Types of Mixed Farming

 

Mixed farming can be classified into eight types. Check it out.

1. Subsistence Farming

 

Farming for subsistence means harvesting food to meet the needs of a family on a small holding, almost without excess. It focuses on farm yield for endurance and generally nearby needs, with almost no excess.

 
2. Shifting Agriculture    

 

Changing Agriculture involves developing plots of land quickly. After the unsettling influence, the cultivator continued on to another plot while neglected vegetation developed unreservedly.

3. Plantation Agriculture

 

A plantation is a business that produces a single crop all year long. It takes a lot of time and money to cultivate this kind of crop. In addition, the yield creation might also be handled on the farm where it is produced or in neighboring production lines.

4. Intensive Farming 

The intensive farming process is something of an agribusiness, both in plant and animal production, with higher levels of data and results per unit of agricultural land. This can be termed Intensive cultivation, traditional farming, or modern farming, in addition to conventional farming.

5. Dry Agriculture

The dryland cultivation and agriculture of the dryland include methods for developing harvests without water. The practice of dryland farming is related to the conditions of drylands, which are characterized by alternating cool, wet seasons and warm, dry seasons. Additionally, they occur in bone-dry conditions, in areas prone to dry spells, and in areas with limited water supplies.
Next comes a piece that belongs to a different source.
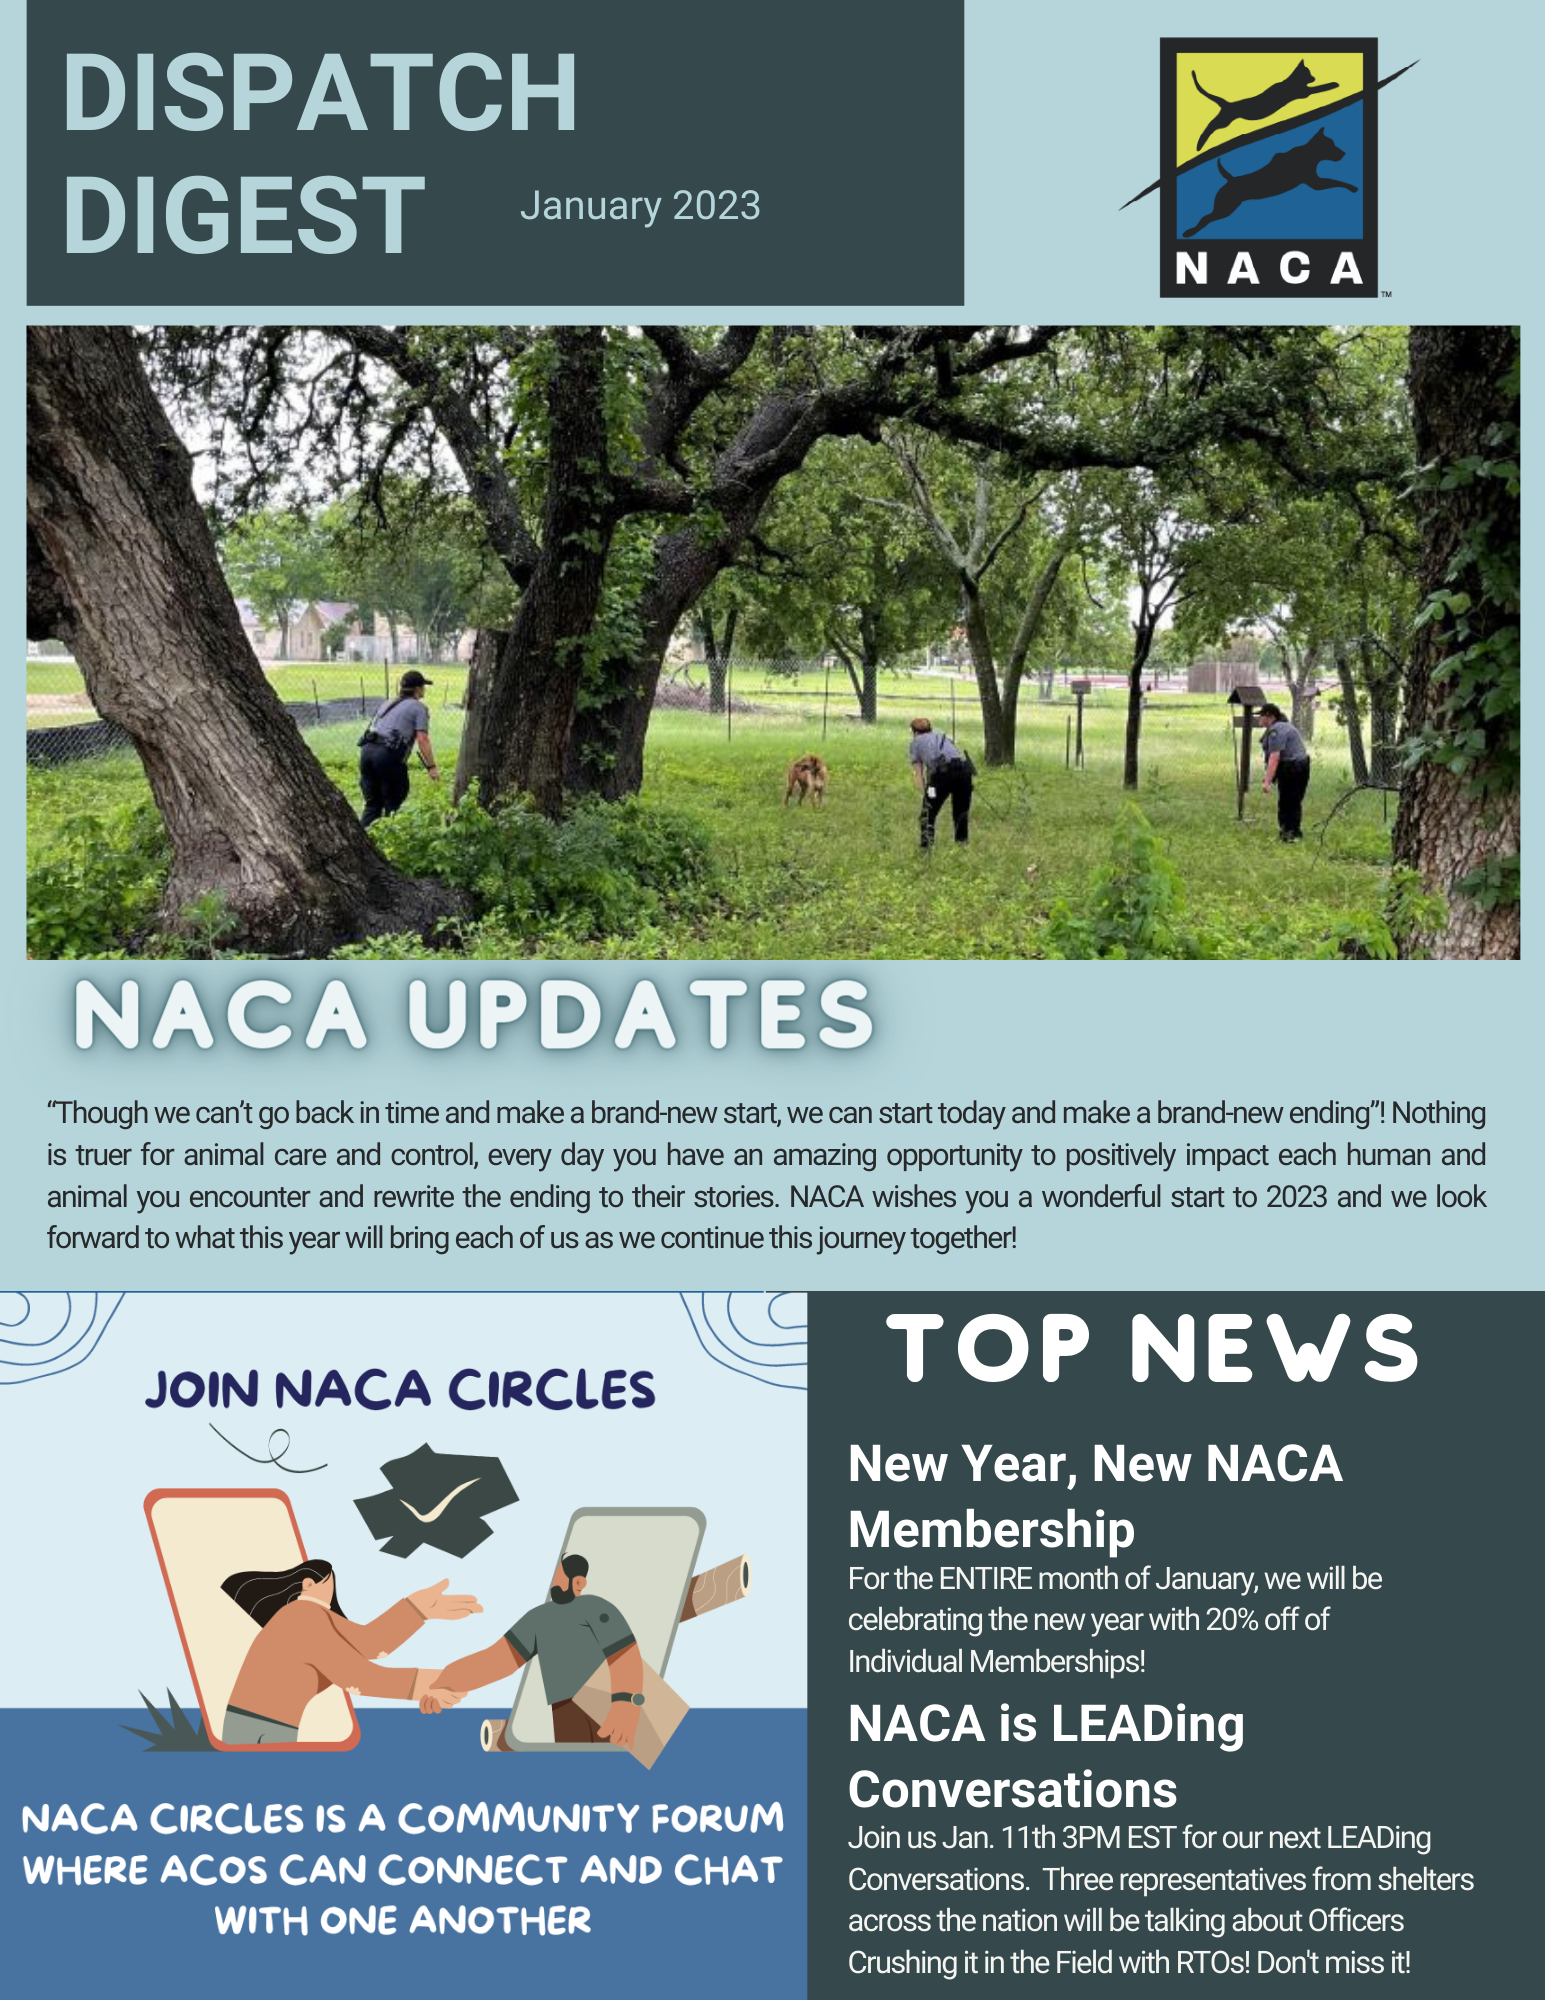 NACA Dispatch Digest - January 2023 Updates & News

6. Mixed and Multiple Agriculture

The practice of growing at least two yields in a similar area during one growing season is known as mixed agriculture or multicropping in horticulture. Intercropping occurs when several yields are developed simultaneously. Farmer’s harvest efficiency and income are multiplied with the help of this editing framework.

7. Crop Rotation

Crop rotation refers to the practice of establishing multiple harvests consecutively in a similar plot of land to enhance soil wellbeing, reduce weed pressure, and streamline supplements in the soil. There may be a few harvests during a short rotation, but at least twelve during a complex rotation.

8. Terrace Cultivation

Globally, terrace cultivation encompasses a variety of “steps” that are created in different locations. The method of cultivating farmers uses “steps” incorporated into mountains or slopes. Planting yields differ on each level. Instead of washing the supplements ceaselessly in the soil when it rains, they are conveyed upward when it rains.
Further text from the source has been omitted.